Often times though when I think of my father, I am so grateful I did not turn out like him (I am so much like my mother in the best ways). I’m grateful that I have compassion and empathy and that I spend my free time devoted to my elderly dog and grandparents. I have friends who I value deeply for non-superficial reasons and I work hard at those friendships. I am far from perfect — I’d never want to be, but I am a good strong person and that is the ultimate prize.
Also my father blatantly denies his violence toward me. And every time he does this I feel kicked in the gut. It’s devastating. So I had to move on. I can’t see him. But I am okay because I have me.
I hope this helps, take care xx
Gratitude: I’m grateful for this site and incredible insight provided by the author of this post. This and many of your topics are not only relevant, but your approach and manner in which you share your experiences and insight are by far some of the best I’ve come across. My journey is one of self improvement and always will be a lifelong priority as I work at transformation and “being” my authentic self and best human being possible. This site is my bible.
Blessings
Jonathan
Hi Natalie! It’s been a while.
I took your Self Esteem class and Pattern Breaker class about a year and a half ago. It was awesome!

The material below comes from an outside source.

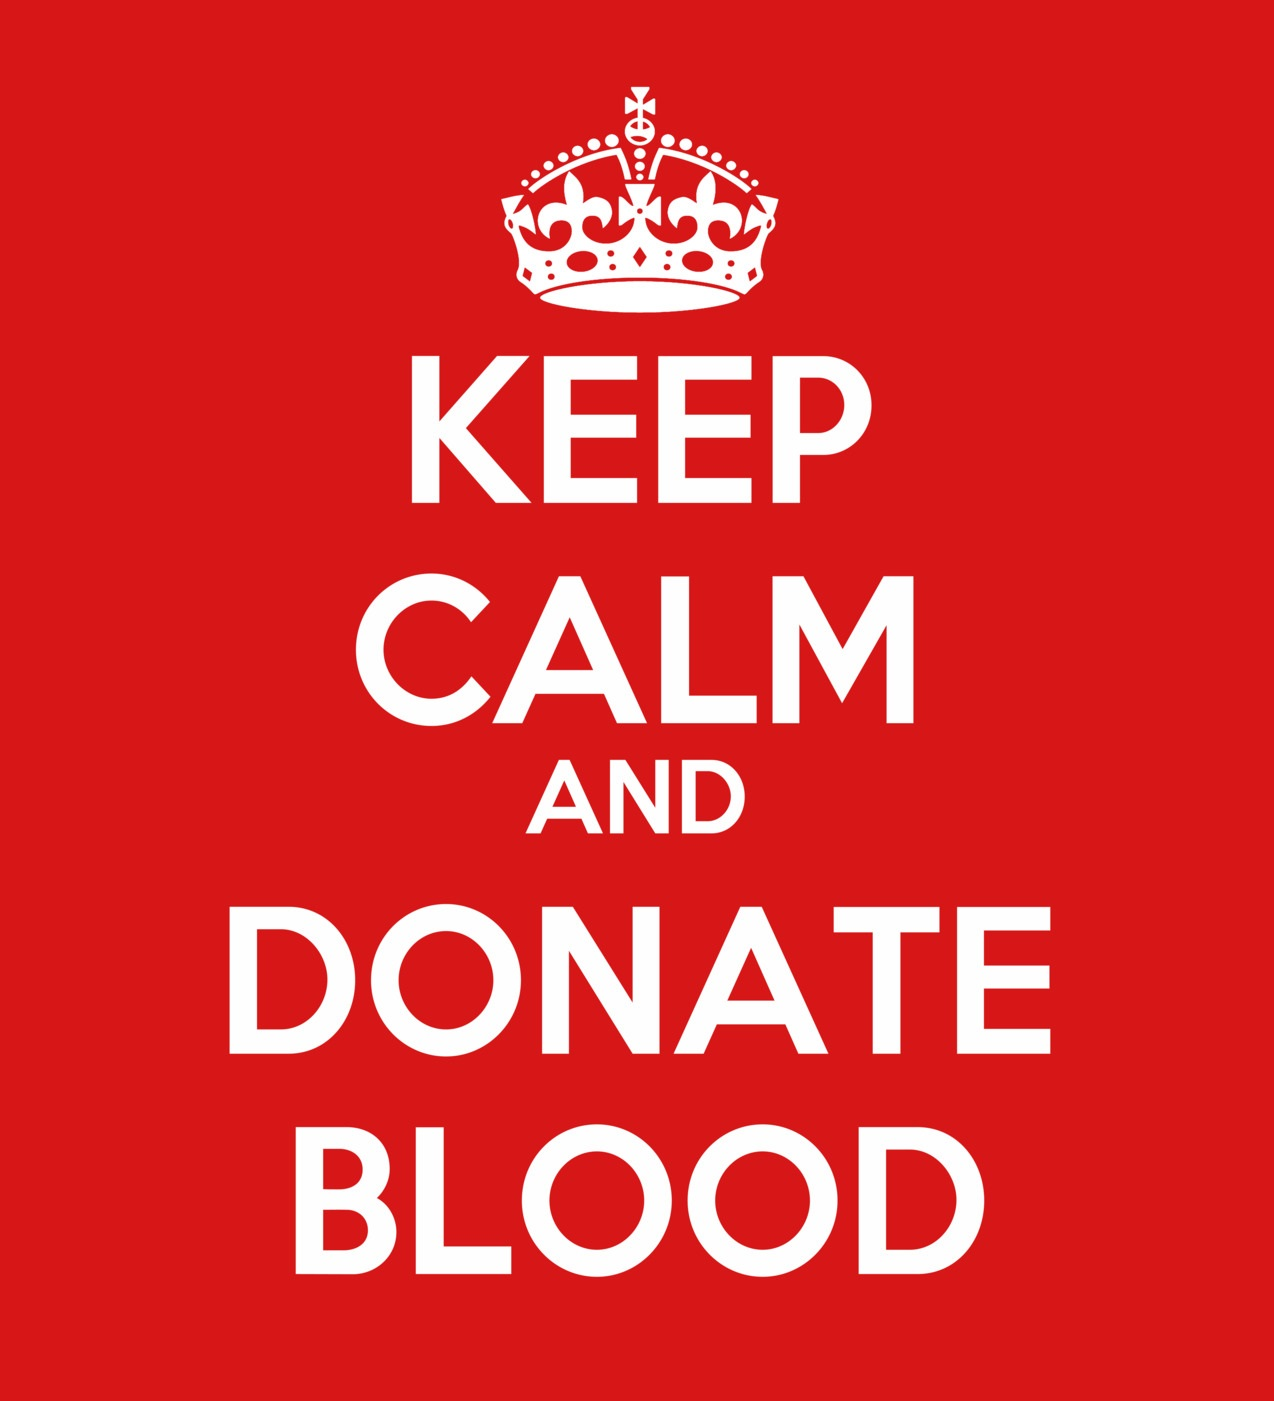 keep_calm_donate_blood.jpg
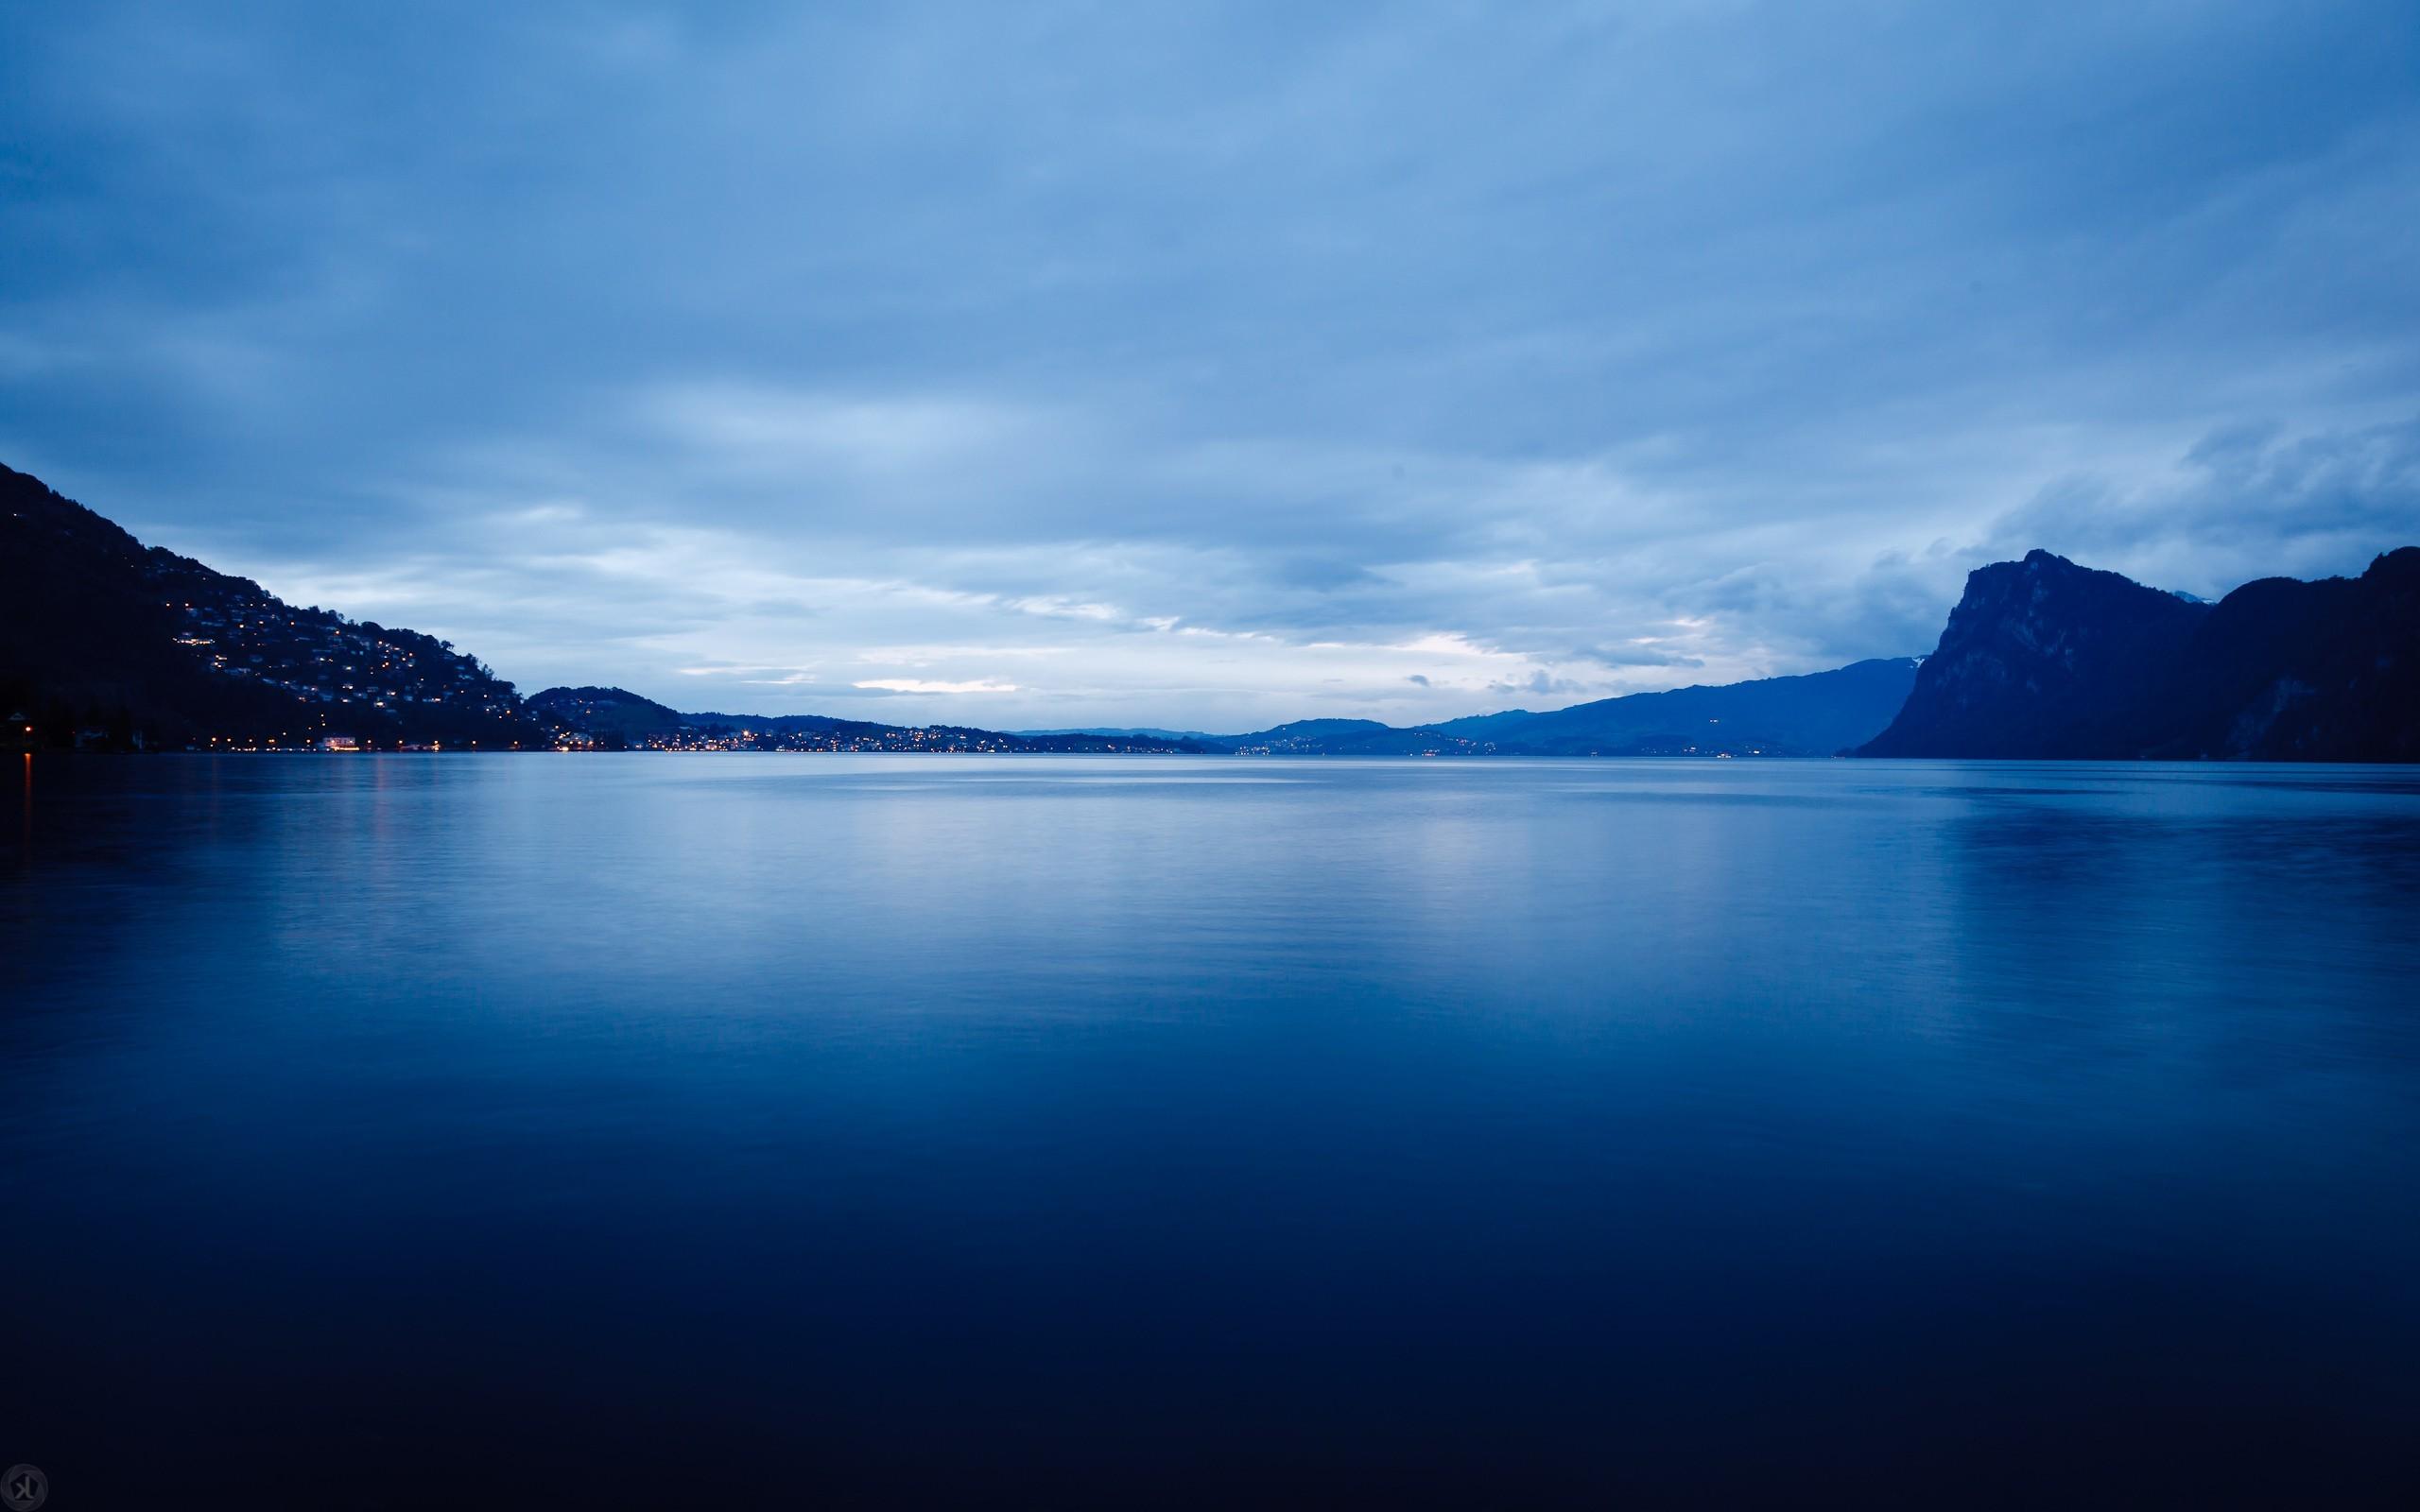 Wallpaper : sunlight, landscape, sea, bay, lake ...Lake Water Wallpaper

Shortly after, I entered a relationship. It was wonderful at first. The best relationship I’d ever been in.
He moved here from out of the area. He sold his business and moved here thinking he’d get a job quickly. After about a year, he has not found a job that fits him and is working waiting tables, which he hates.
He has been miserable and full of anxiety, kind of going through some kind of mid life crisis. It has been awful for both of us.
He started withdrawing emotionally and physically. This went on for months. I keep hoping things would turn around and he’d find a job, but still no. Finally he broke it off with me saying he has nothing to give me.
I’m thinking I’d like to take another one of your classes. I’m wondering if you can recommend which one.
The thing I want to investigate inside myself is why did I stay.
I was holding on, hoping the man who treated me better than I’d even been treated would come back. But was that man just “his best self?” The one they show you to attract you? When things started going downhill and got bad, why couldn’t I leave? Why did he have to do the leaving? When I look inside myself, I don’t think I could have left. I couldn’t do that to him. And part of me still hopes he gets it together and comes back!!!! Yikes! I know better in my head after reading you but I still feel inside there’s a part of me that makes excuses for him and holds on to those first eight months. Ignoring the last three crappy months.